# [Raw data]
++++++++++++++++++++
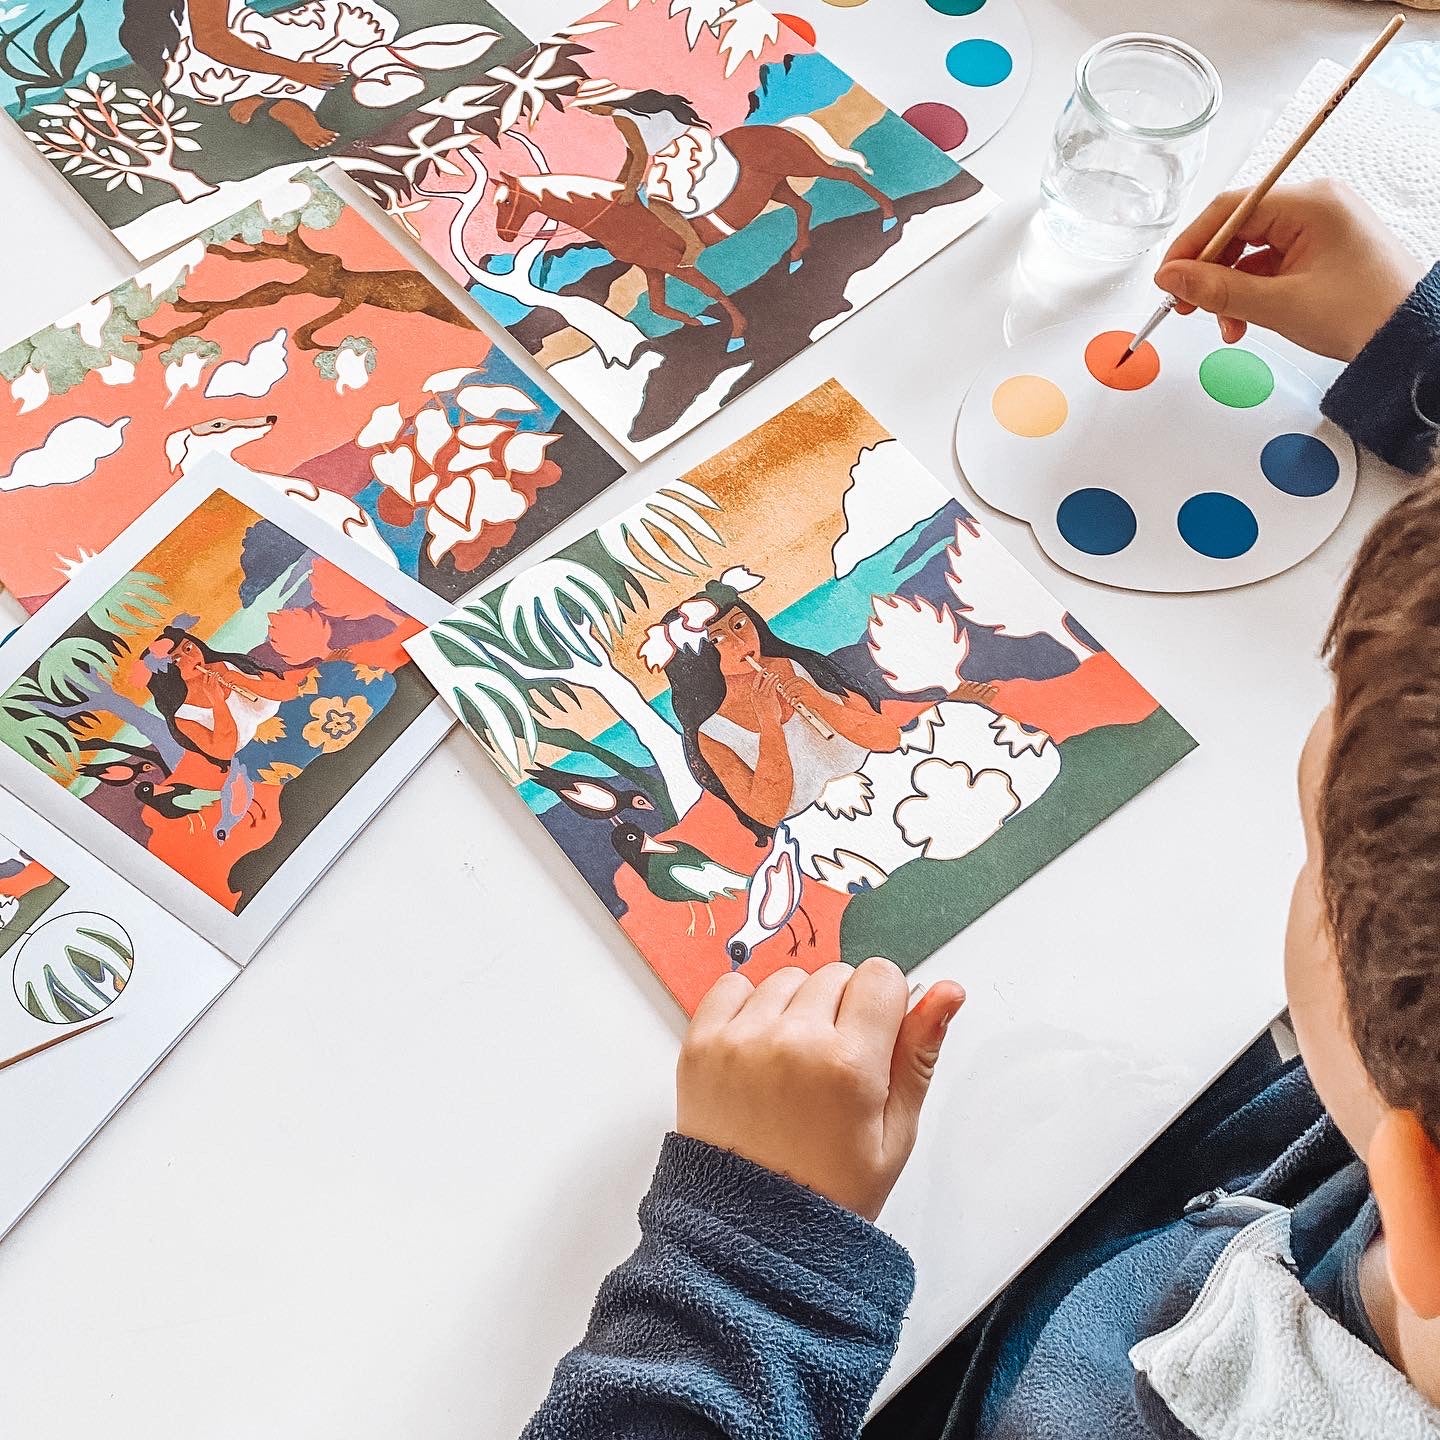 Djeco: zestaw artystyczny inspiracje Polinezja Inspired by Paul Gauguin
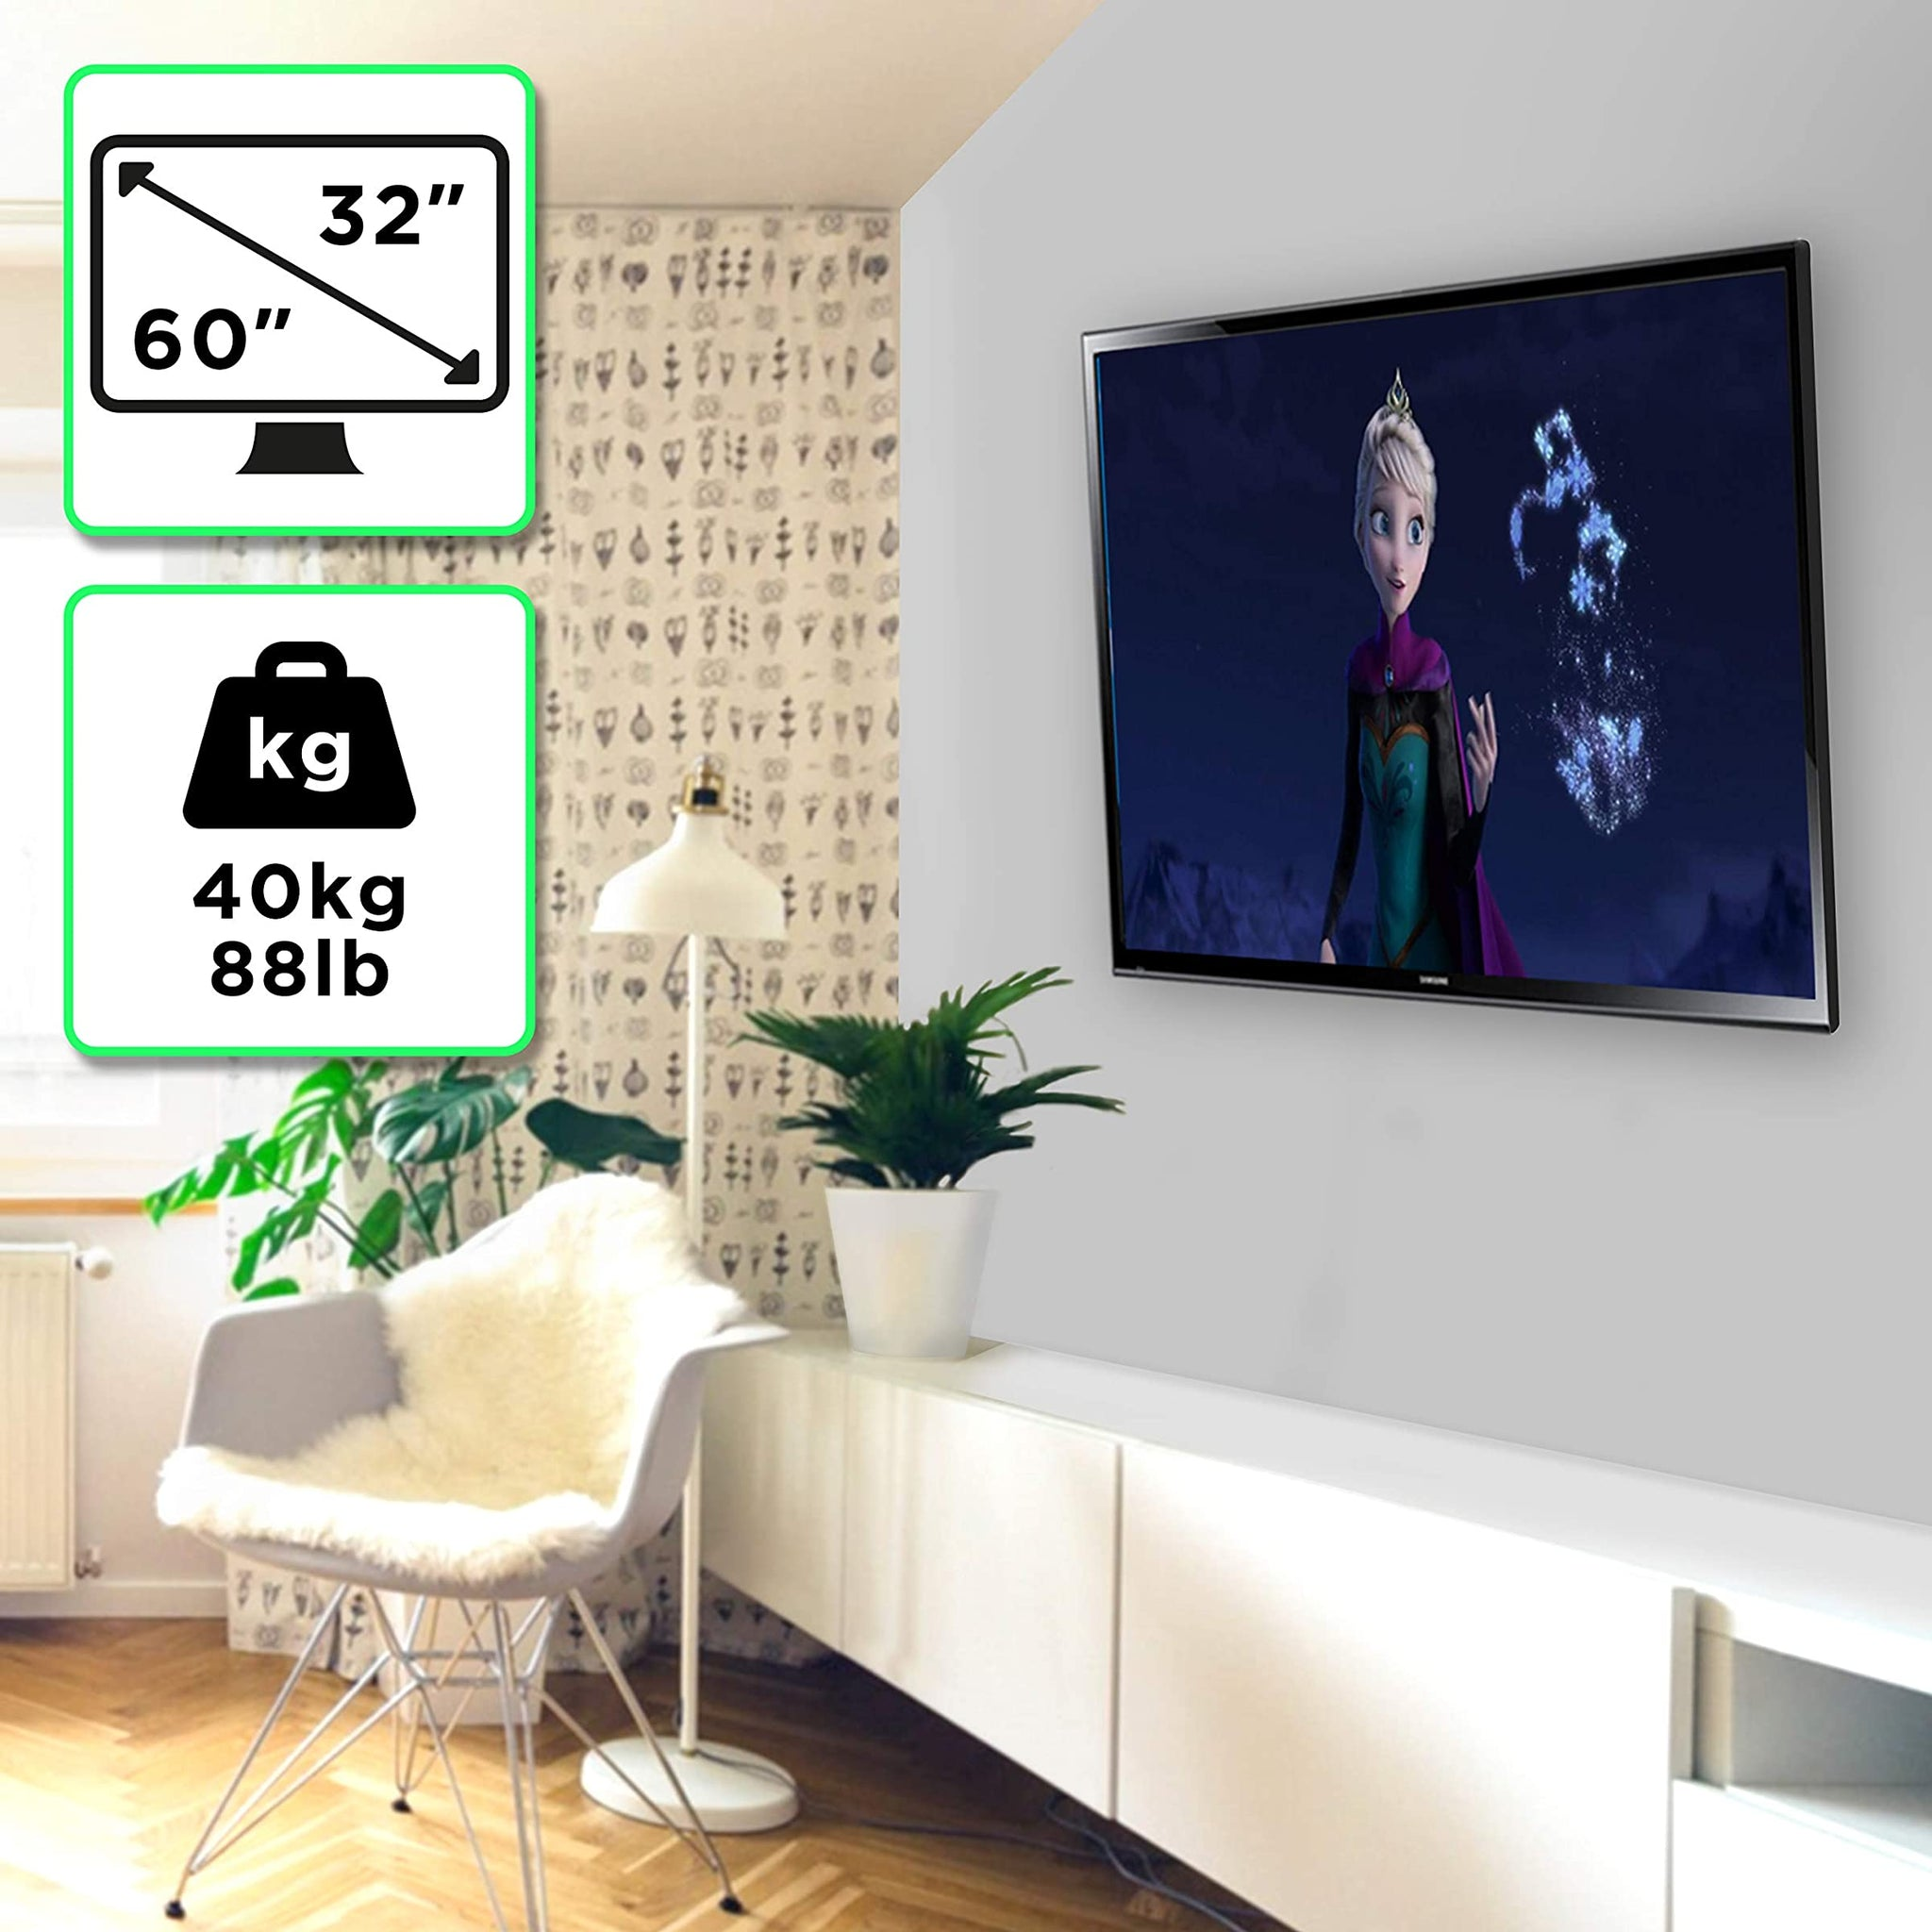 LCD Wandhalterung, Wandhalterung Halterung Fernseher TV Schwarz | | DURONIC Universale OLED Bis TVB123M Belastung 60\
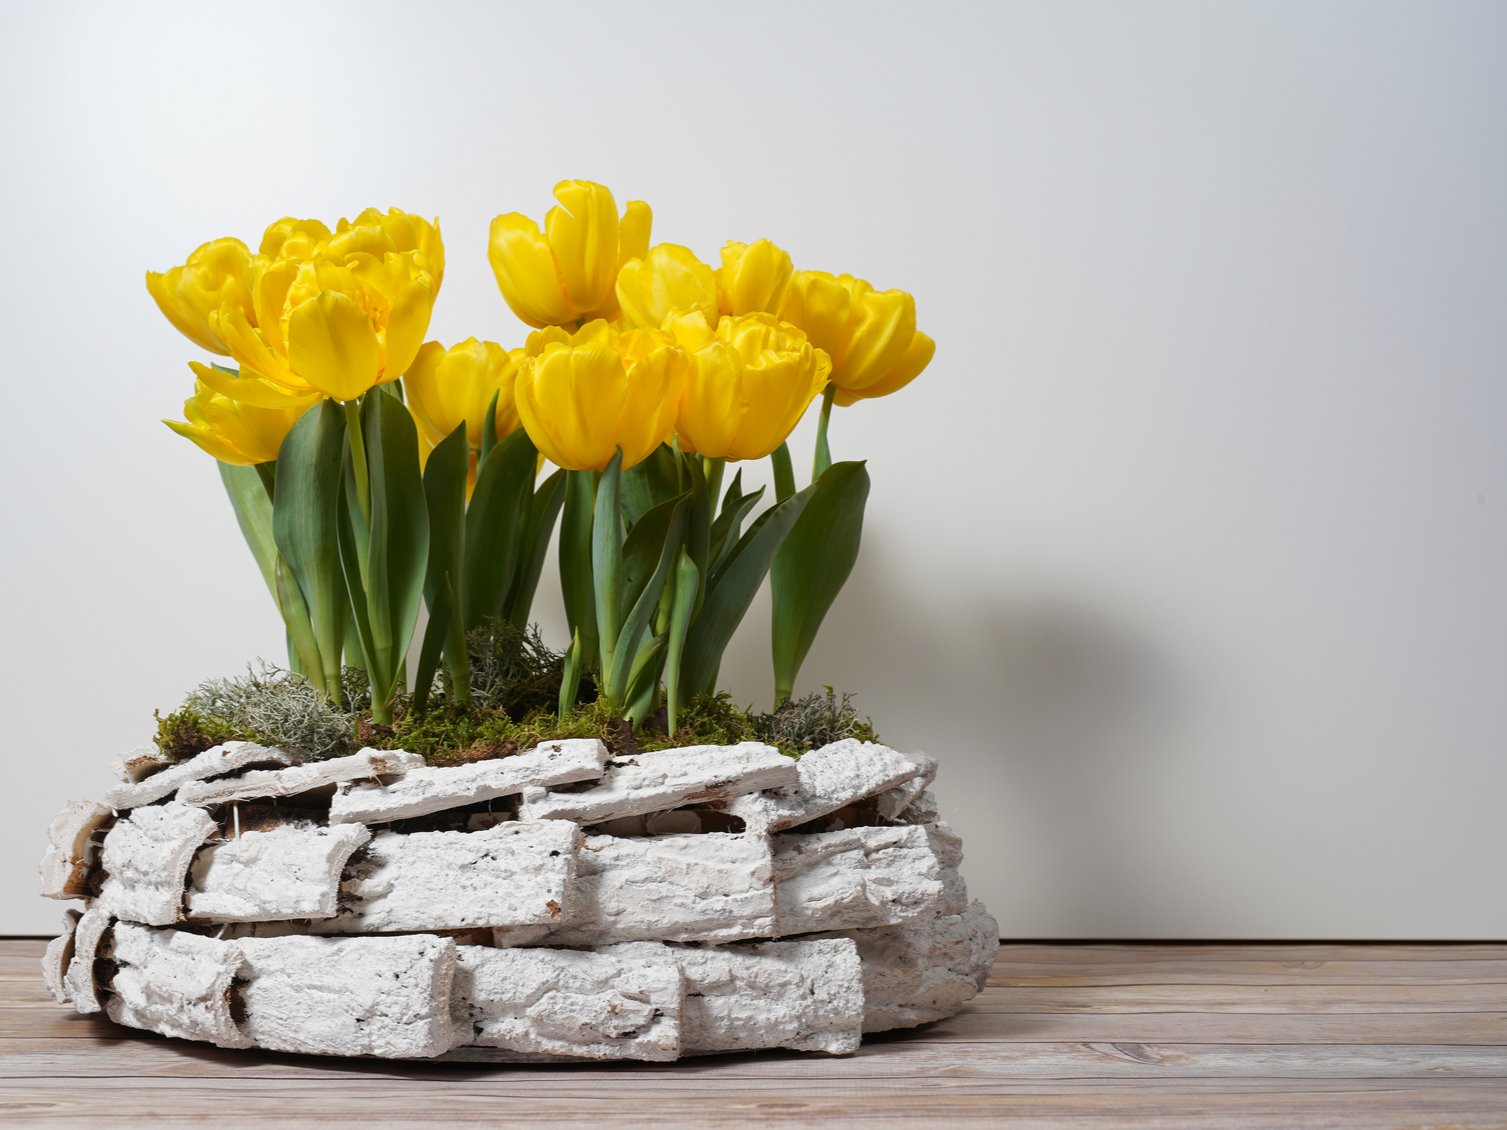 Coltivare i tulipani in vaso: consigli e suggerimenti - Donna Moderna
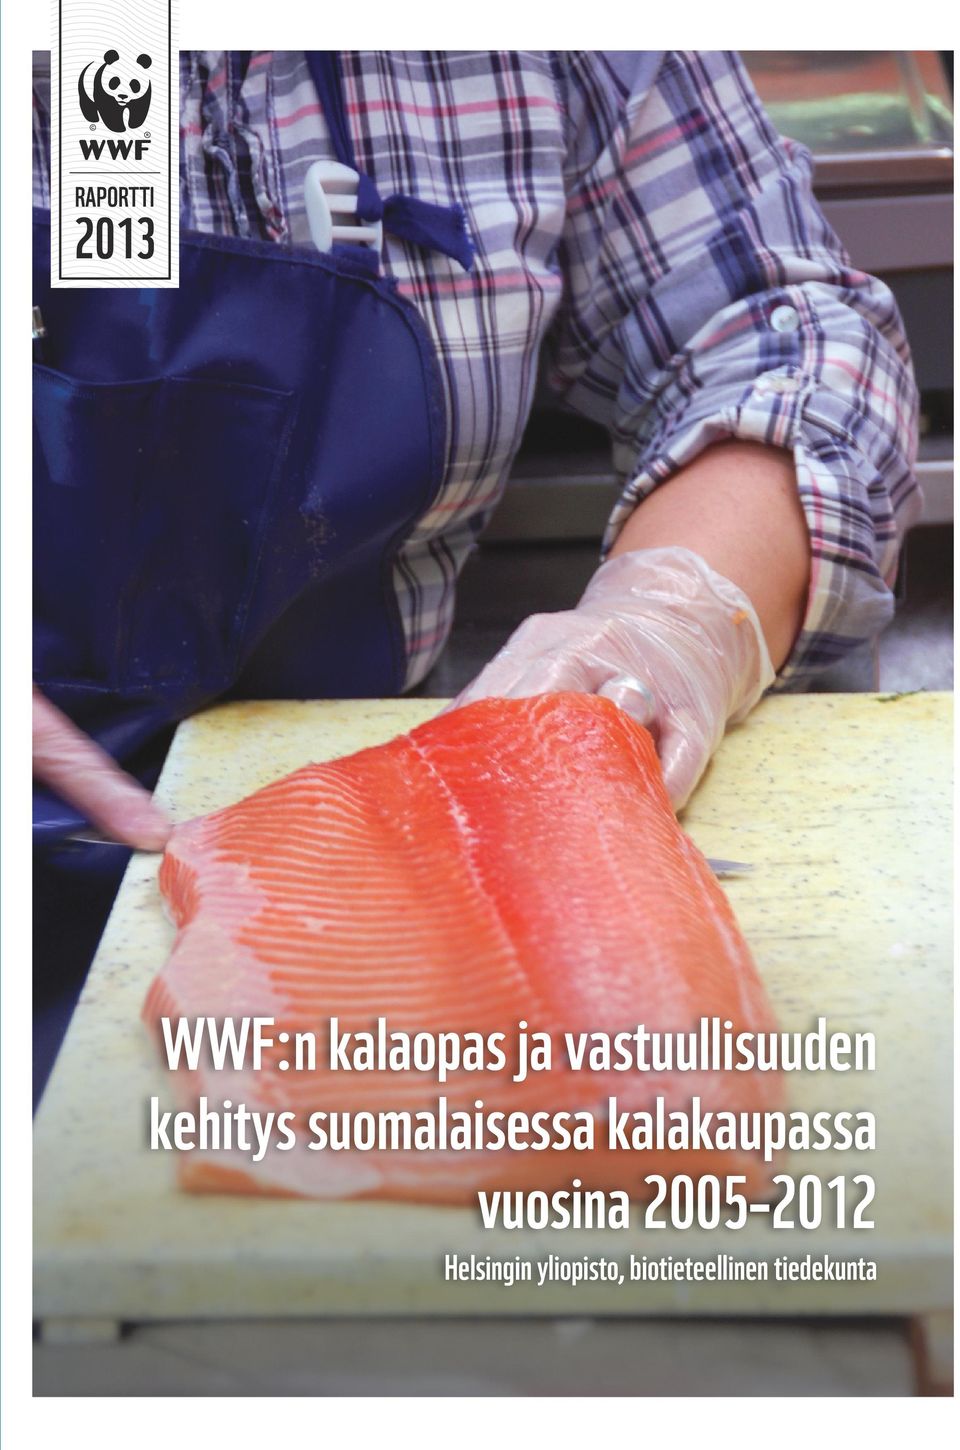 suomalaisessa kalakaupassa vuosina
++++++++++++++++++++
# [Work required]
The whole listing should be restated word for word, with no pictures.

# [Task solution]
 Djeco: zestaw artystyczny inspiracje Polinezja Inspired by Paul Gauguin
 LCD Wandhalterung, Wandhalterung Halterung Fernseher TV Schwarz | | DURONIC Universale OLED Bis TVB123M Belastung 60\
 Coltivare i tulipani in vaso: consigli e suggerimenti - Donna Moderna
 suomalaisessa kalakaupassa vuosina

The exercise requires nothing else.